Comparison of measured and ERM's modeled performance

The performance reported by ERM is an estimate of the actual performance of a numerical kernel when run on a platform with the given microarchitectural parameters. The figures below show the comparison of the performance estimated by ERM when it models a Sandy Bridge microarchitecture with the actual measured performance when the code is executed on an Intel Xeon E5-2680 (measured data is obtained with hardware performance counters [1]). We show examples for both scalar and vector numerical kernels.

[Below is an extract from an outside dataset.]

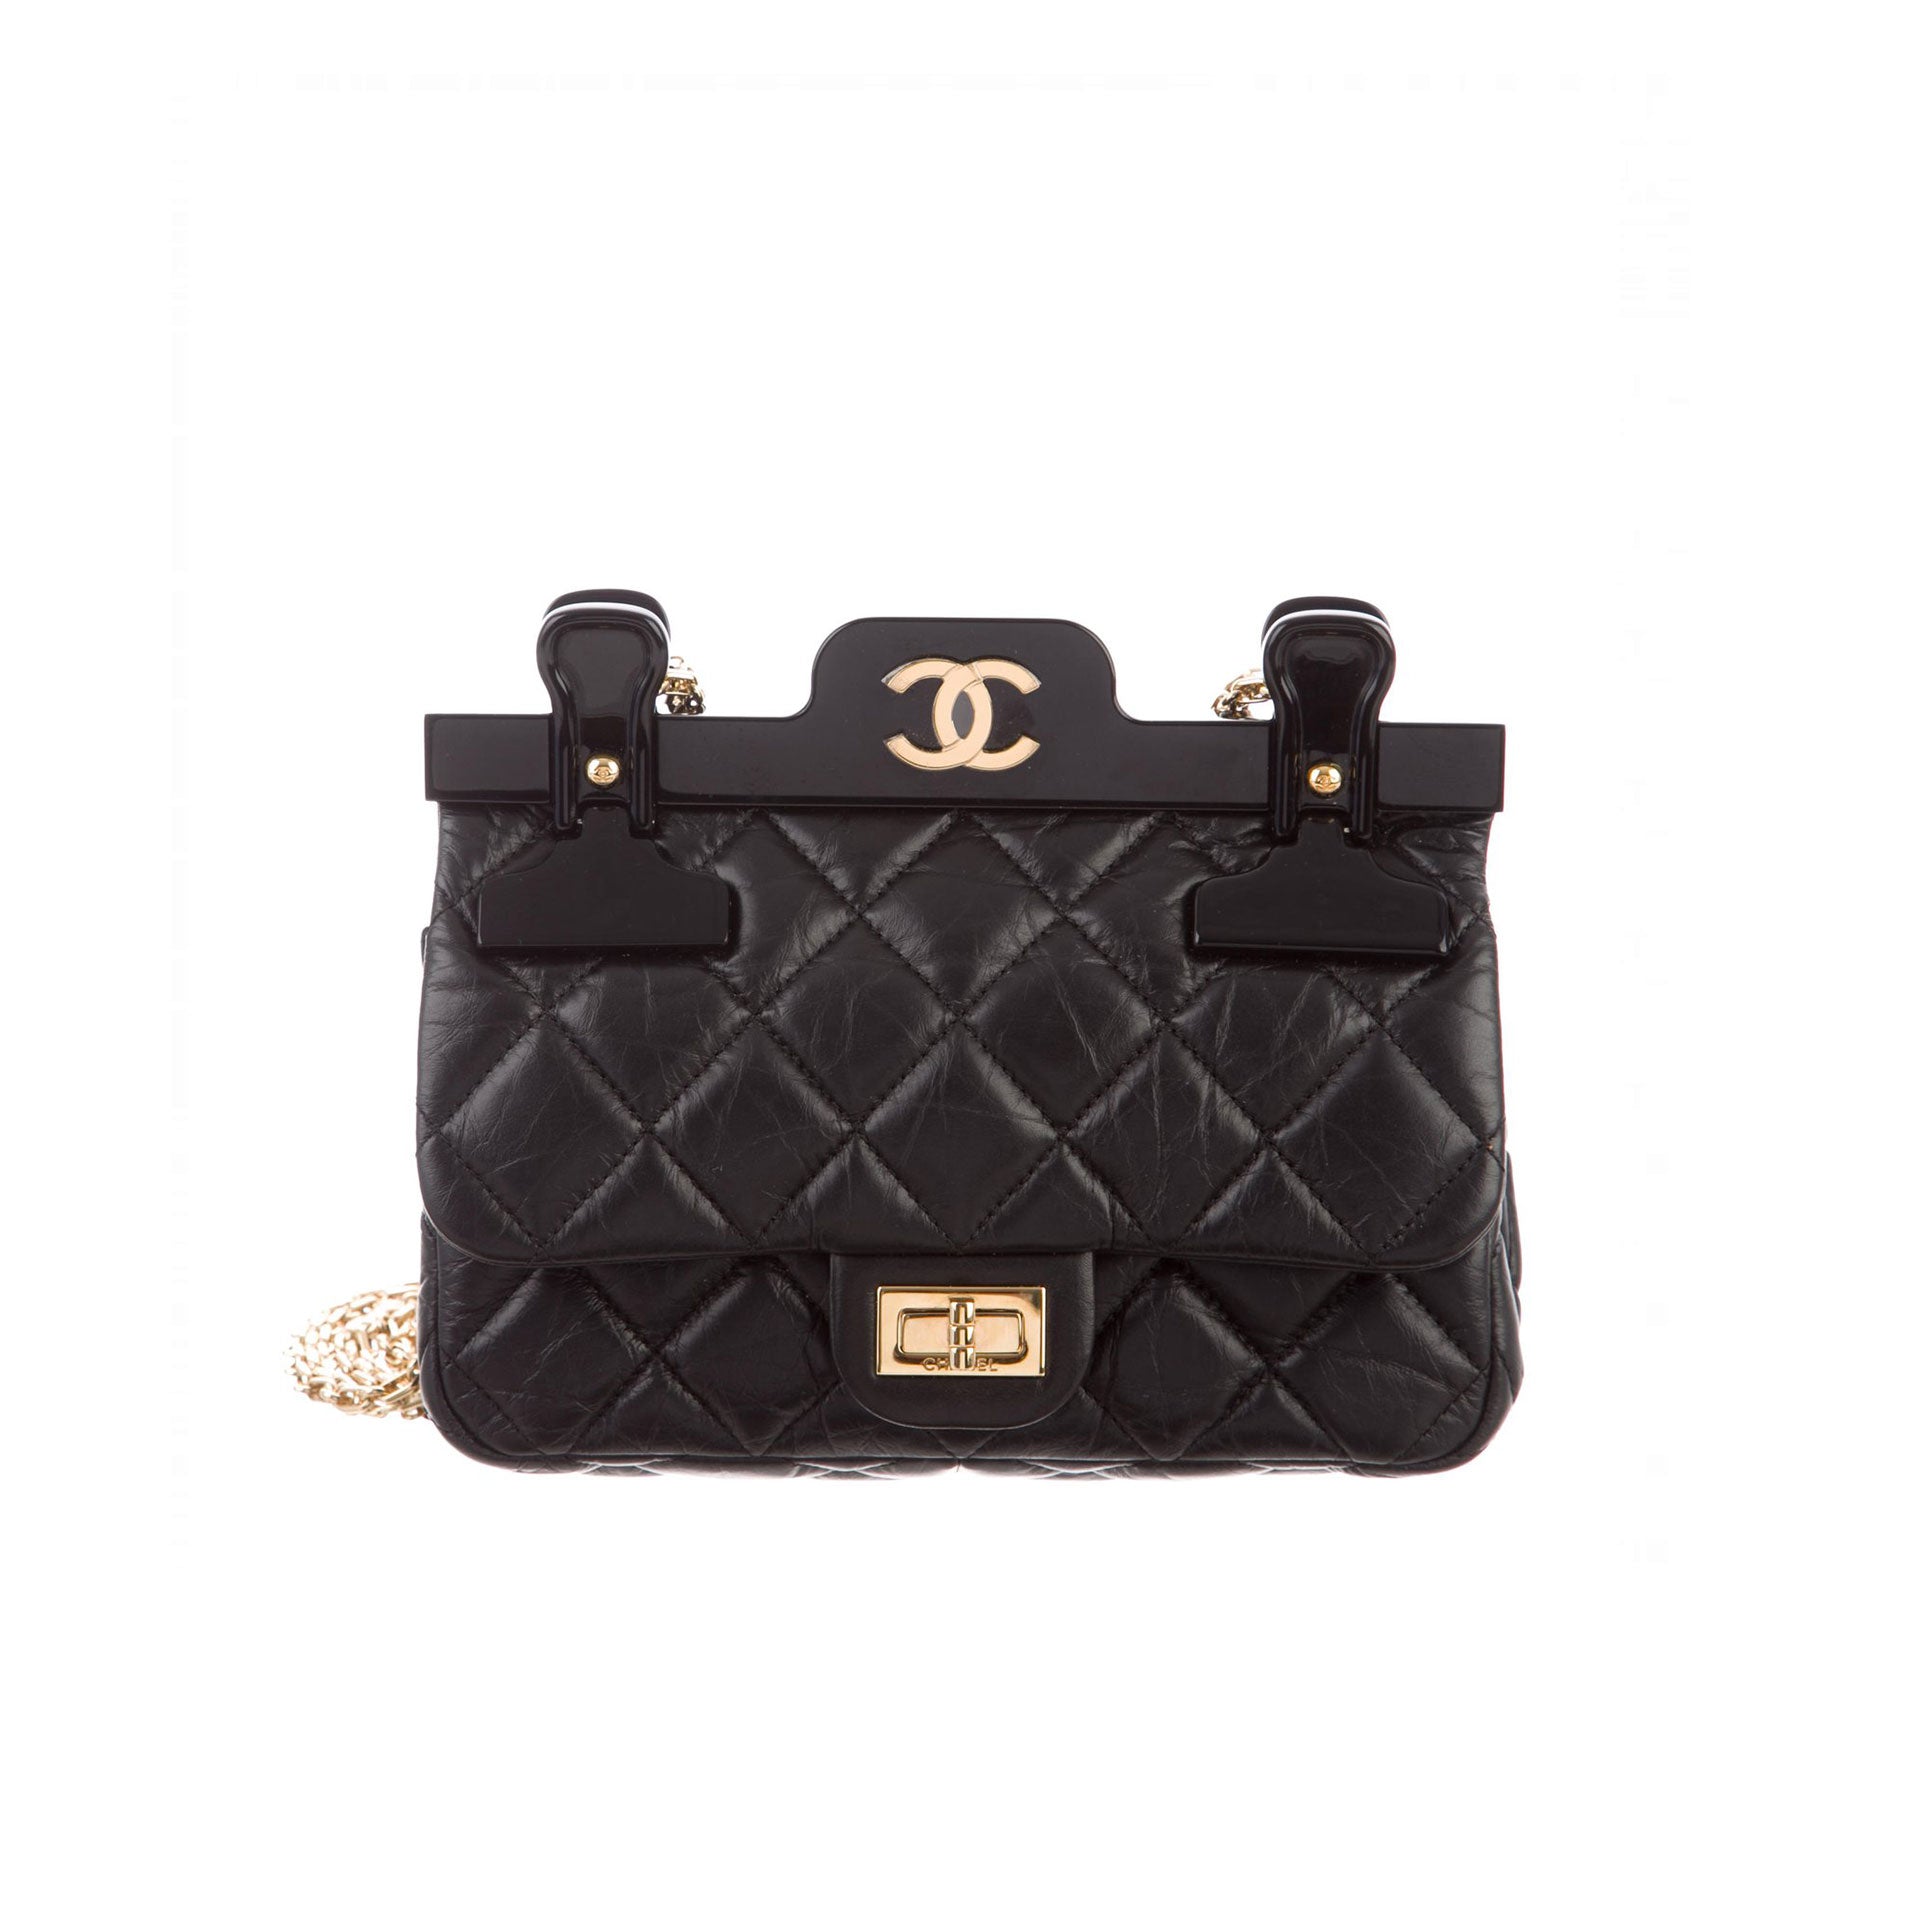 Chanel Mini 2.55 Reissue 225 Handbag

As shown in the figures, ERM accurately estimates performance and performance trends for some applications. In the case of FFT, for example, estimated performance is on average (the mean across all sizes) 1.22x the measured performance of the icc-compiled code, and 1.31x the performance of the clang-compiled code. For the other computations, however, the difference is more significant. In the case of WHT, for example, average estimated performance is 2.58x and 4x the measured performance for the iterative and recursive implementations, respectively (differences with measured performance). Further, as shown in Figure 2, the accuracy of ERM is competitive with the accuracy of MARSSx86 [2].

What is important, is that ERM reports the detailed properties of the scheduled DAG, which are not easily available in state-of-the-art simulators or measurements on real hardware, and enable the derivation of the additional performance bounds in the roofline plot.

Scalar numerical kernels

Figure 1: Comparison of performance for 8 hand-written scalar numerical kernels. The data reported in the plots is the mean value of 20 repetitions. For small size kernels we reduce the error induced by measuring overhead by executing the kernel several times. All kernels operate on double-precision data, and all the results shown correspond to a warm cache execution.

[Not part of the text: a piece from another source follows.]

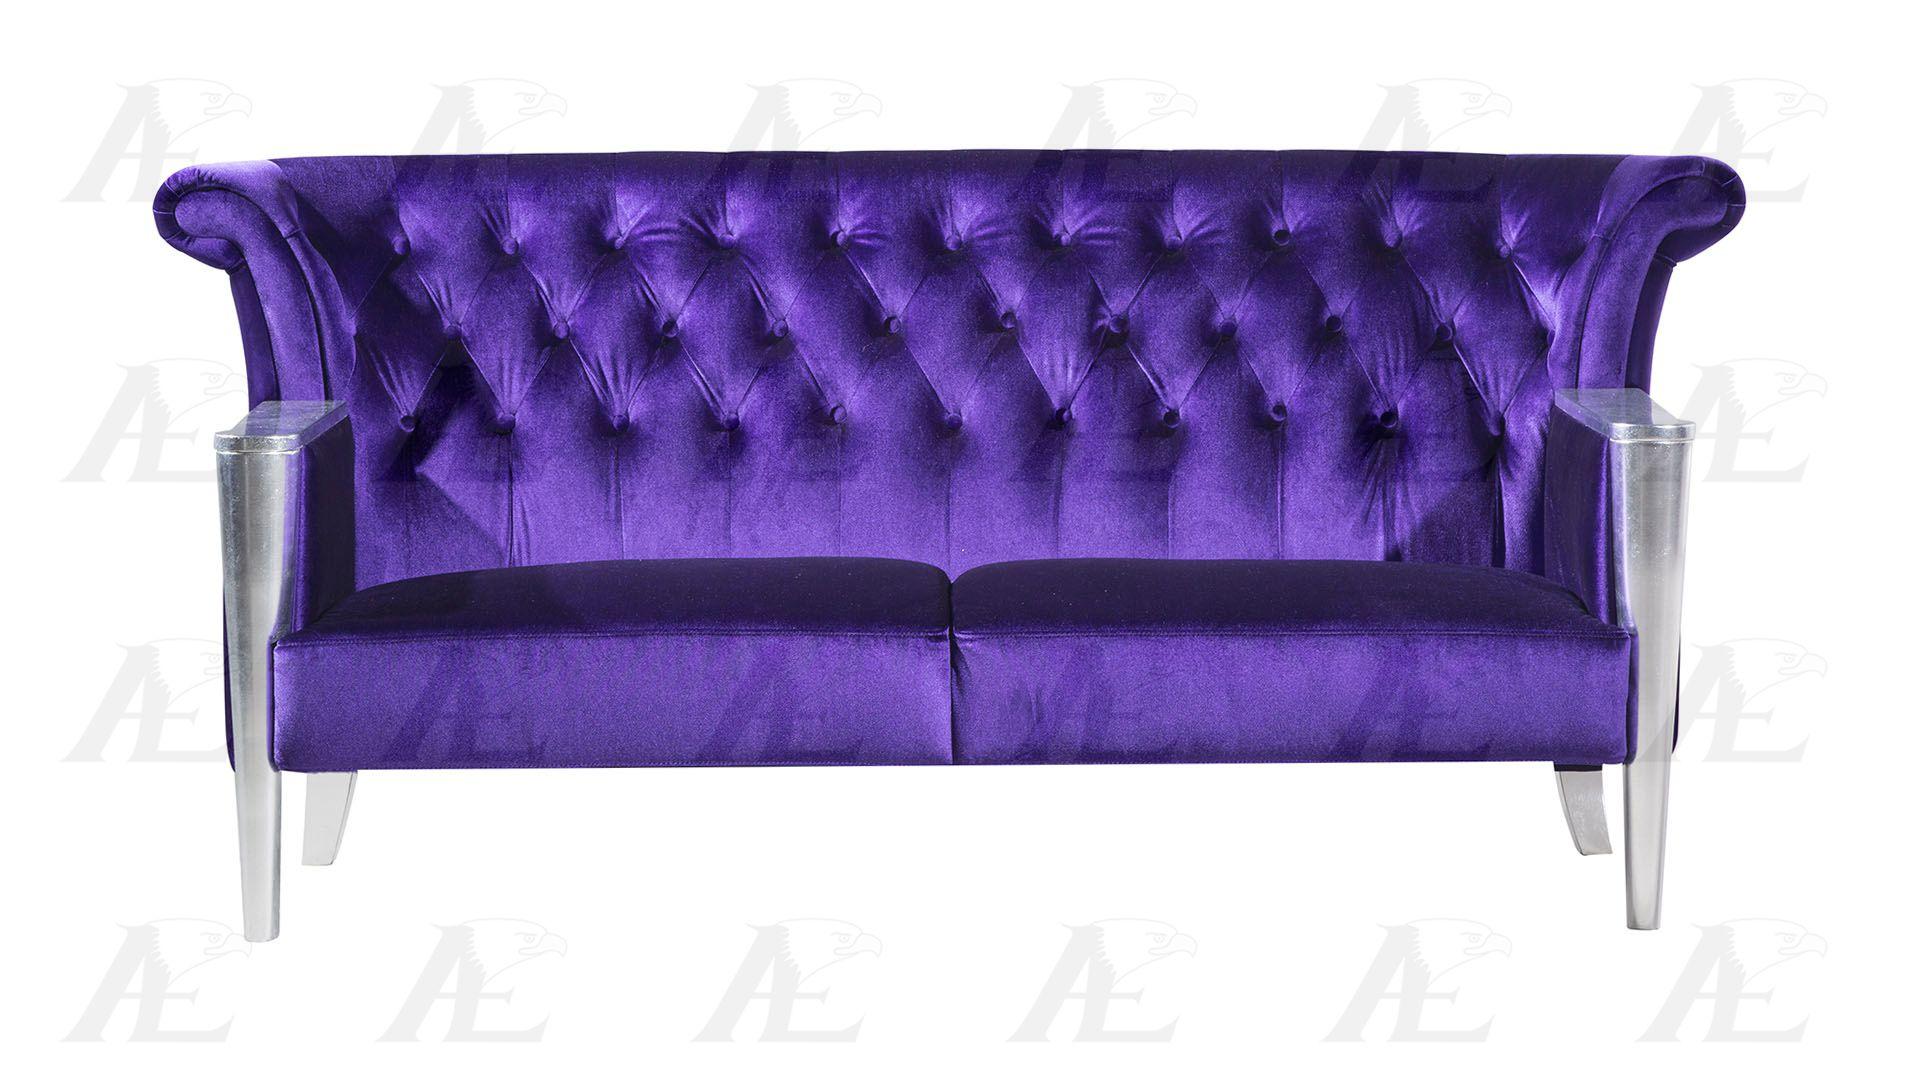 

    
American Eagle Furniture AE592 Sofa and Loveseat Set Purple AE592 Set-2

Comparison with microarchitectural simulator MARSS [2]

Figure 2: Comparison of performance for the Livermore loops [3], small and large sizes. The plots include the data estimated by MARSSx86 simualtor [2].

Vector code (with AVX vector intrinsics)

In this case, the plots show the normalized performance (ERM performance vs. measured performance) in log scale to properly visualize the fold changes in performance.

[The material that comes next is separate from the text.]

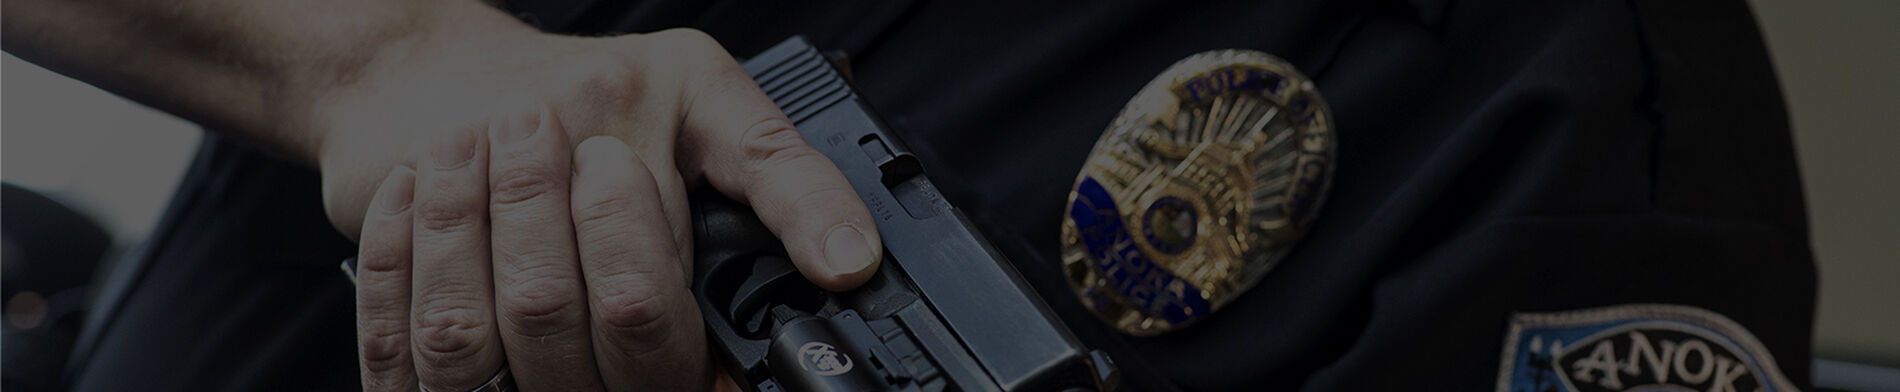 police holding a handgun

Figure 3: Comparison of performance for four linear algebra subroutines that have been automatically generated and optimized for the target processor [4].

Differences with measured performance

Branch prediction. Our model considers a perfect branch predictor and therefore we do not model wrong path fetches due to mispredictions.
Cache structure. We model fully-associative caches because their miss rate can be estimated for any cache size with a single-pass analysis of the memory access trace. Not modeling the right cache structure will have effect in applications that exhibit a large number of conflict misses
Microop decoding and macroop fusion. The details of how microop decoding and macroop fusion are implemented are not disclosed by processors vendors, and we can only model them based on benchmarking and empirical data [2].
Prefetcher. Modern microprocessors implement various kinds of prefetchers. ERM models a generic prefetcher that can be configured with the following parameters: when to trigger the prefetch (e.g., upon a certain number of accesses to consecutive cache blocks), what to prefetch (e.g., the next cache line or a strided access), and where to prefetch (e.g., L1 data or L2 caches). However, since we cannot know precisely which prefetchers are activated when running our experiments, we do not consider them as a parameter in the model.
Large sizes. For applications with large sizes, differences in performance tend to be larger due to the complexity of accurately modeling resources like cache structure, memory bandwidth (is affected by many factors in practice like page table loads or write-allocate traffic), and prefetcher.
Analysis prior to code generation. ERM analyzes the instruction trace prior to code generation and the effect of target-specific optimizations is not considered by our model.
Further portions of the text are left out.